Randomly pick individuals from the tournament to mate and kill the excess individuals.
Tribes
A population can be split into tribes that evolve independently of each-other:
Migration- periodically, individual(s) from a tribe would be moved to another tribe
The tribes are logically separated so that they're like their own separate populations running in separate environments.
Diversity Fitness
Incorporate diversity into the fitness, where you count how many individuals have the same fitness value (thus are likely to have the same phenotype) and you penalize their fitness by a proportionate value: the more individuals with the same fitness value, the more penalty for those individuals. This way specimens with unique phenotypes will be encouraged, therefore there will be much less stagnation of the population.
Those are just some of the things that can greatly affect the performance of a CGP, and when I say greatly I mean that it's in the same order or greater than Ferriera's performance. So if Ferriera didn't tinker with those ideas too much, then she could have seen much slower performance of the CGPs... especially if she didn't do anything to combat stagnation. So I would be careful when reading performance statistics on GEP, because sometimes people fail to account for all of the "optimizations" available out there.
There seems to be some confusion in these answers that must be clarified. Cartesian GP is different from classic GP (aka tree-based GP), and GEP. Even though they share many concepts and take inspiration from the same biological mechanisms, the representation of the individuals (the solutions) varies.
In CGPthe representation (mapping between genotype and phenotype) is indirect, in other words, not all of the genes in a CGP genome will be expressed in the phenome (a concept also found in GEP and many others). The genotypes can be coded in a grid or array of nodes, and the resulting program graph is the expression of active nodes only.
In GEP the representation is also indirect, and similarly not all genes will be expressed in the phenotype. The representation in this case is much different from treeGP or CGP, but the genotypes are also expressed into a program tree.

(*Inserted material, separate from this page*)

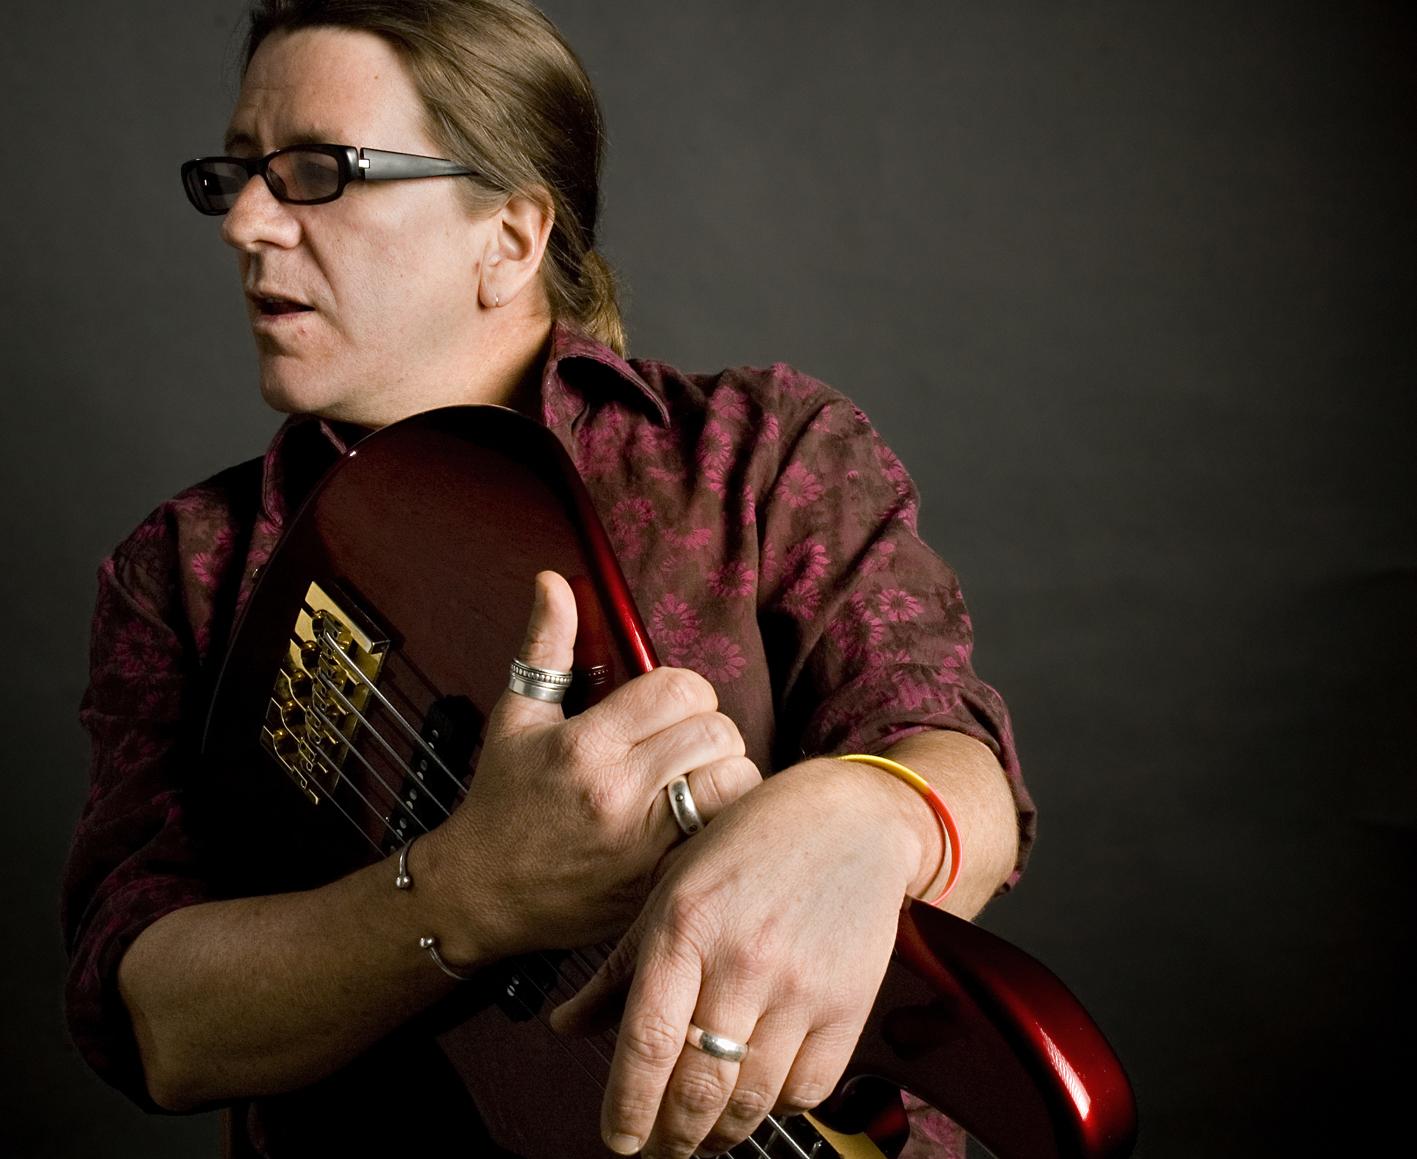 Alex Alvear - Nacido en Quito, Ecuador, Alex Alvear es un compositor, arreglista, bajista y cantante con una carrera musical de más de 26 años. Durante su temprana carrera musical en Ecuador, Alvear fue co-fundador y co-director de las agrupaciones Promesas Temporales y Rumbasón, con las cuales forjaron un hito en el desarrollo de la nueva música ecuatoriana. En 1986 viaja a Boston (USA) para realizar estudios en Berklee College of Music en la especialización de Composición y Arreglos de Jazz.A fines de los años 80 forma parte como co-fundador y director de la agrupación Aché, pionera de la música afrocubana en Massachussets con la cual recibió varias nominaciones para el Boston Music Awards
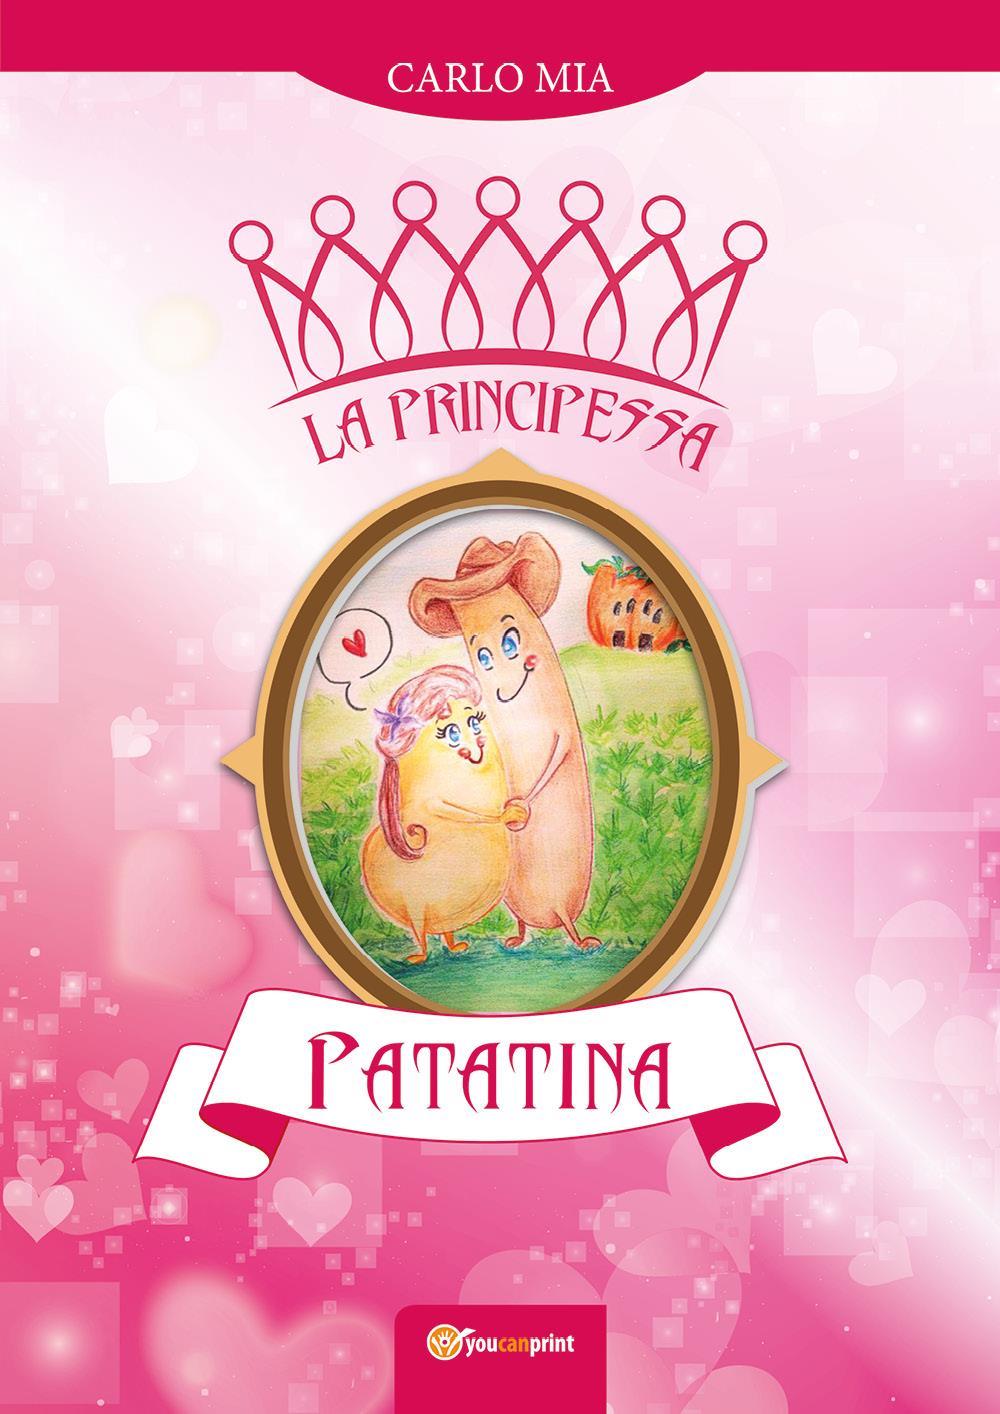 La Principessa Patatina

In my opinion GEP is a more elegant representation, easier to implement, but also suffers from some defects like: you have to find the appropriate tail and head size which is problem specific, the mnltigenic version is a bit of a forced glue between expression trees, and finally it has too much bloat.
Independently of which representation may be better than the other in some specific problem domain, they are general purpose, can be applied to any domain as long as you can encode it.
In general, GEP is simpler from GP. Let's say you allow the following nodes in your program: constants, variables, +, -, *, /, if, ...
For each of such nodes with GP you must create the following operations:
- randomize
- mutate
- crossover
- and probably other genetic operators as well
In GEP for each of such nodes only one operation is needed to be implemented: deserialize, which takes array of numbers (like double in C or Java), and returns the node. It resembles object deserialization in languages like Java or Python (the difference is that deserialization in programming languages uses byte arrays, where here we have arrays of numbers). Even this 'deserialize' operation doesn't have to be implemented by the programmer: it can be implemented by a generic algorithm, just like it's done in Java or Python deserialization.
This simplicity from one point of view may make searching of best solution less successful, but from other side: requires less work from programmer and simpler algorithms may execute faster (easier to optimize, more code and data fits in CPU cache, and so on). So I would say that GEP is slightly better, but of course the definite answer depends on problem, and for many problems the opposite may be true.